Urinary bladder augmentation is indicated for diverse conditions, including neurogenic bladder, cancer resection, spinal cord injury, and congenital anomalies. The ideal cystoplasty material is yet to be described. Native gastrointestinal segments commonly used are limited by leakage and small-bowel obstruction, metabolic/nutritional abnormalities, calculi, and malignancy. This study assessed laparoscopic bladder augmentation with porcine small intestinal submucosa (SIS).
Five female pigs (<25 kg) were prepared for surgery under general anesthesia. After Veress needle insufflation, a main 10-mm trocar was placed in the midline for the laparoscope, with two lateral 10-mm ports added for operative instruments. The bladder dome was incised, and a patch of SIS was sewn into the bladder using running 2-0 Vicryl. Three animals served as technical studies. Two additional sows underwent long-term survival surgery: one undiverted and one diverted via a Stamey suprapubic catheter.

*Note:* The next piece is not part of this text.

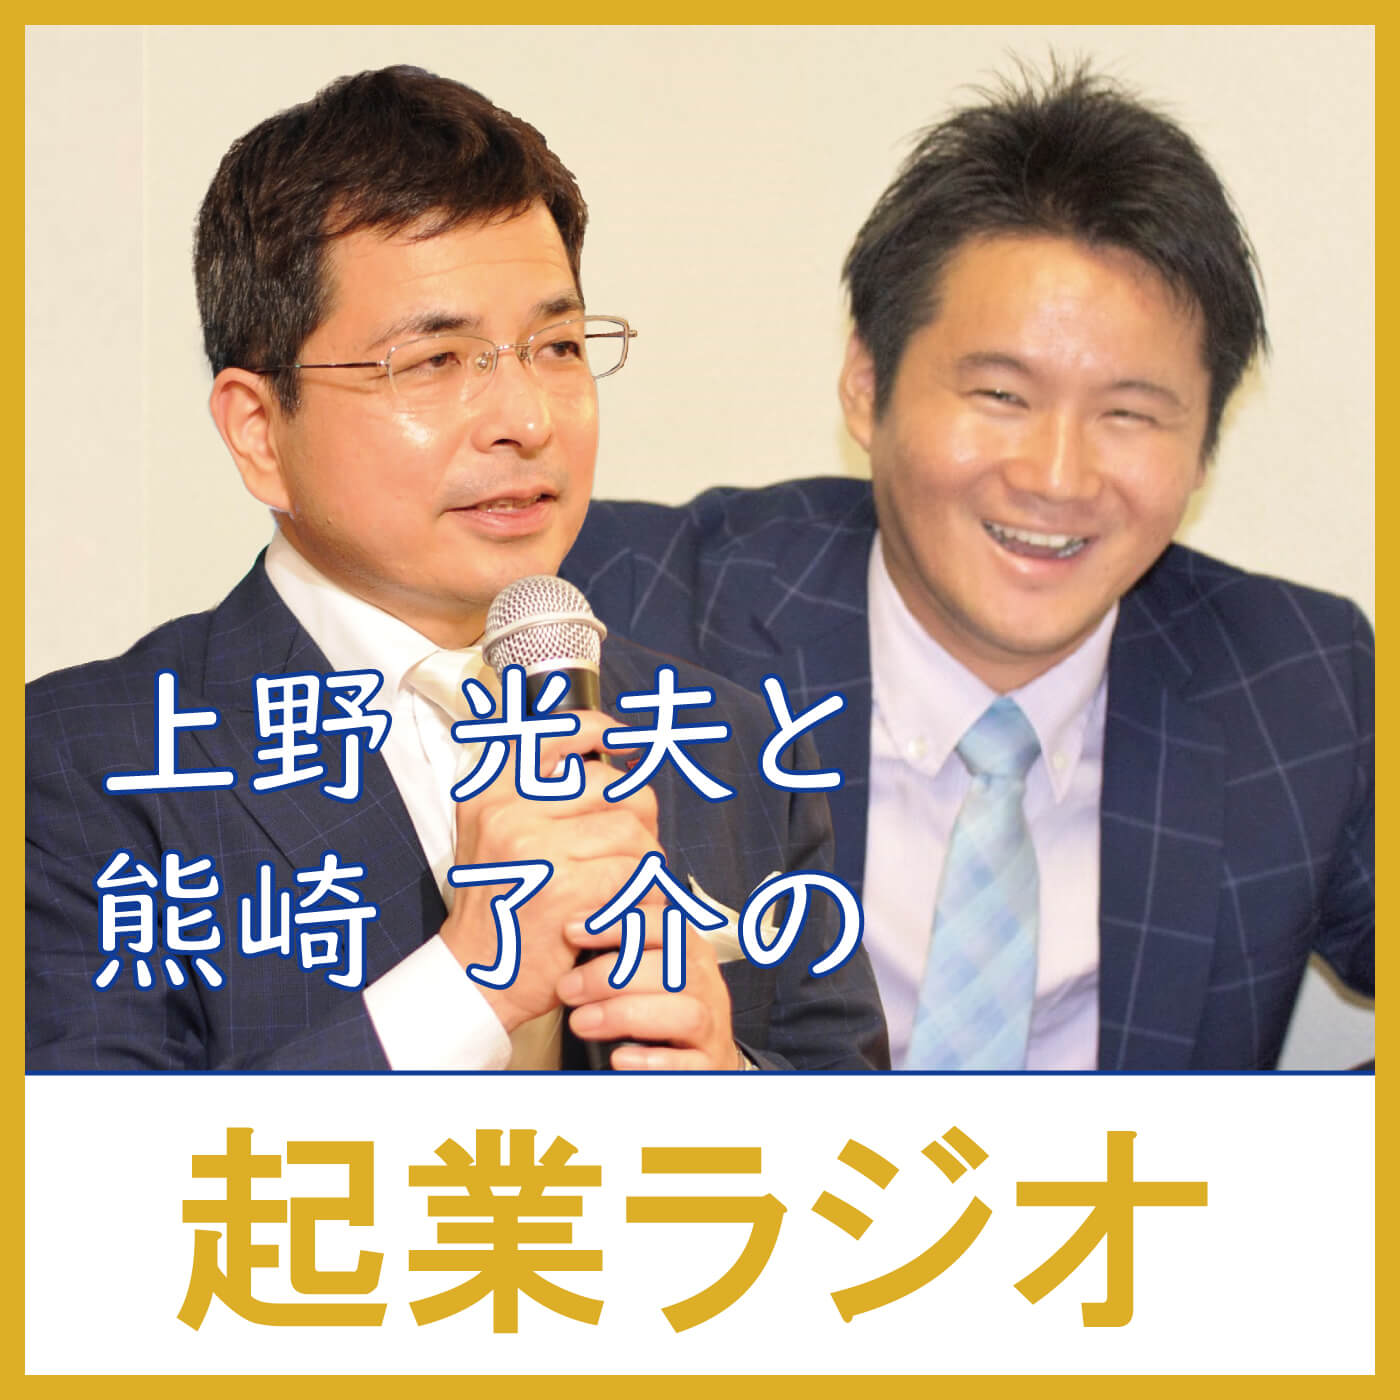 上野光夫と熊崎了介の起業ラジオ

There were no operative losses. The mean operative time was 140 minutes. The SIS graft held the sutures without tearing. Laparoscopic survey revealed no urine leaks at bladder closure. All five animals voided postoperatively. Urinary extravasation was evident in the three undiverted technique animals. In the other two sows, cystoscopy at 7 days showed intact suture lines without evidence of urinary extravasation and with normal vesicular volumes. Tissue growth was evident, but the graft margins were still discernible.
Laparoscopic bladder augmentation was possible using SIS but at minimal volumes. There were no operative complications; however, the material was difficult to deploy and may benefit from application of an absorbable scaffold. Postoperative urinary drainage is necessary. Further studies will optimize the graft configuration for maximal augmentation.

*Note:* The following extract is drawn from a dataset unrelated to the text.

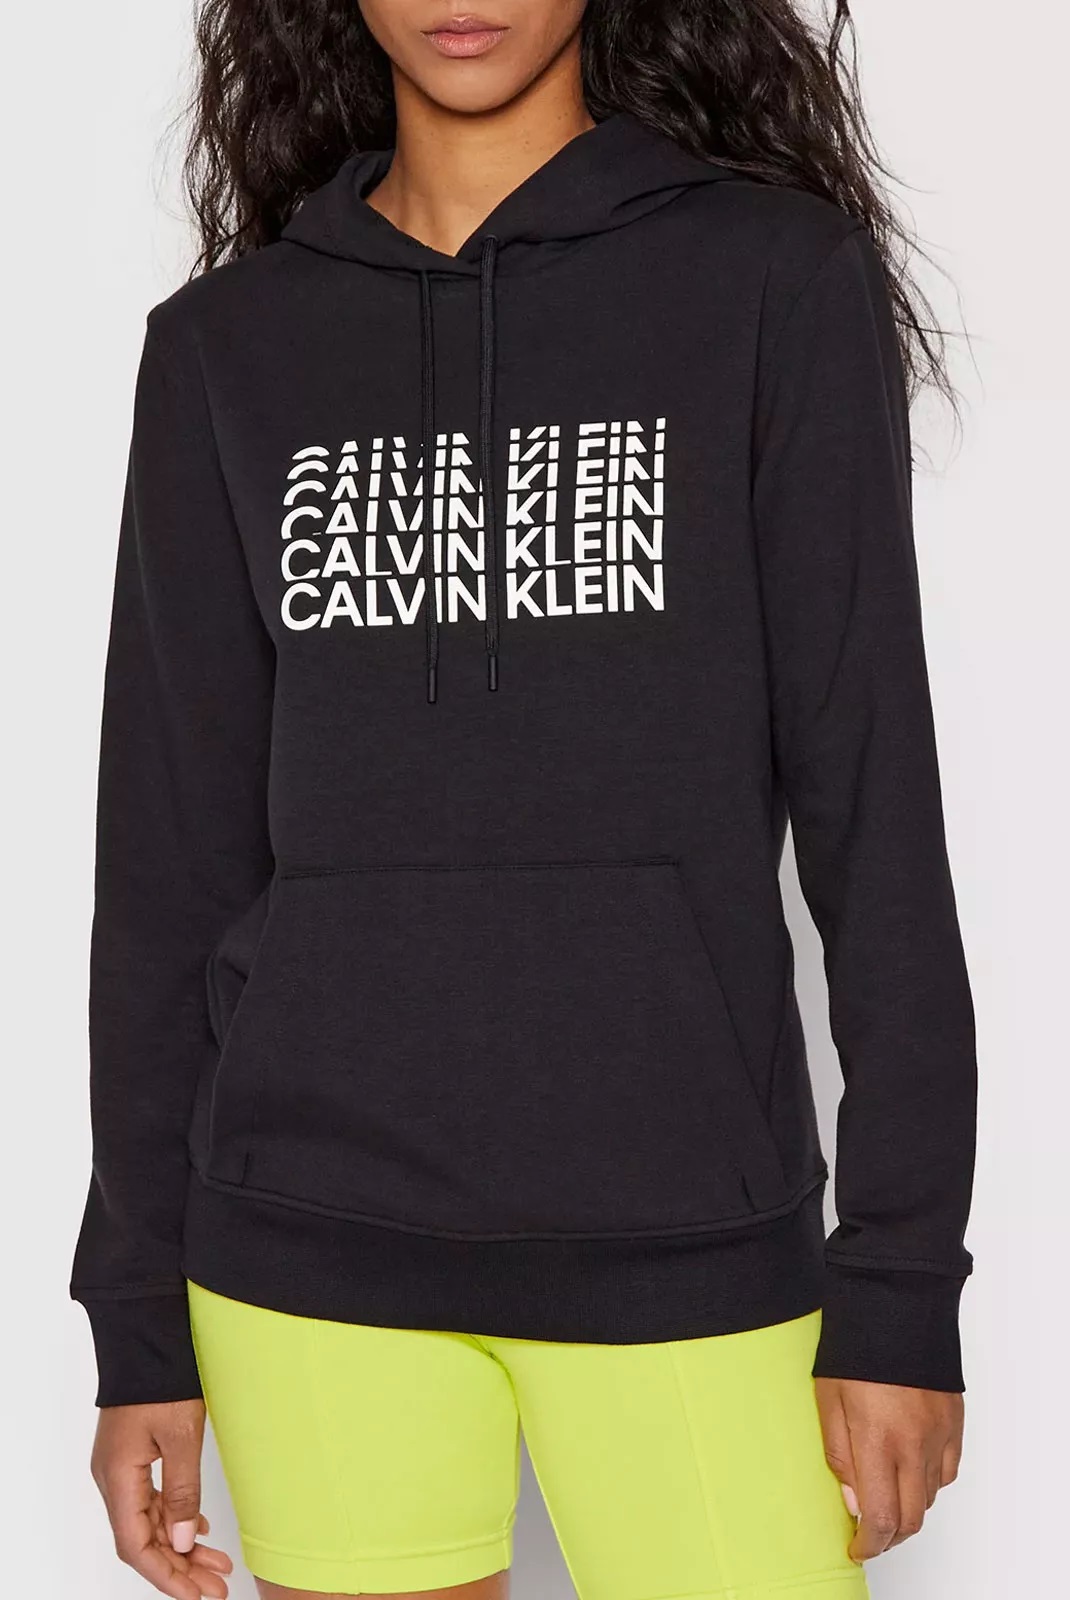 Calvin Klein dámská mikina s kapucí černá Velikost: S

膀胱扩大术适用于多种病症,包括神经源性膀胱、癌症切除、脊髓损伤和先天性异常。理想的膀胱成形材料尚未明确。常用的自体胃肠道段存在渗漏、小肠梗阻、代谢/营养异常、结石和恶性肿瘤等局限性。本研究评估了使用猪小肠黏膜下层(SIS)进行腹腔镜膀胱扩大术。
五只体重小于25千克的雌性猪在全身麻醉下准备进行手术。经Veress针充气后,在中线置入一个10毫米的主套管用于腹腔镜,再增加两个10毫米的侧方端口用于手术器械。切开膀胱顶部,用2-0可吸收缝线连续缝合将一片SIS缝入膀胱。三只动物用于技术研究。另外两只母猪接受了长期生存手术:一只未改道,一只通过Stamey耻骨上导管改道。
无手术死亡。平均手术时间为140分钟。SIS移植物固定住缝线且未撕裂。腹腔镜检查显示膀胱缝合处无尿液渗漏。所有五只动物术后均能排尿。在三只未改道技术的动物中可见尿液外渗。在另外两只母猪中,术后7天的膀胱镜检查显示缝线完整,无尿液外渗迹象且膀胱容量正常。组织生长明显,但移植物边缘仍可辨认。
使用SIS进行腹腔镜膀胱扩大术是可行的,但容量有限。无手术并发症;然而,该材料难以展开,可能受益于可吸收支架的应用。术后需要进行尿液引流。进一步的研究将优化移植物配置以实现最大程度的扩大。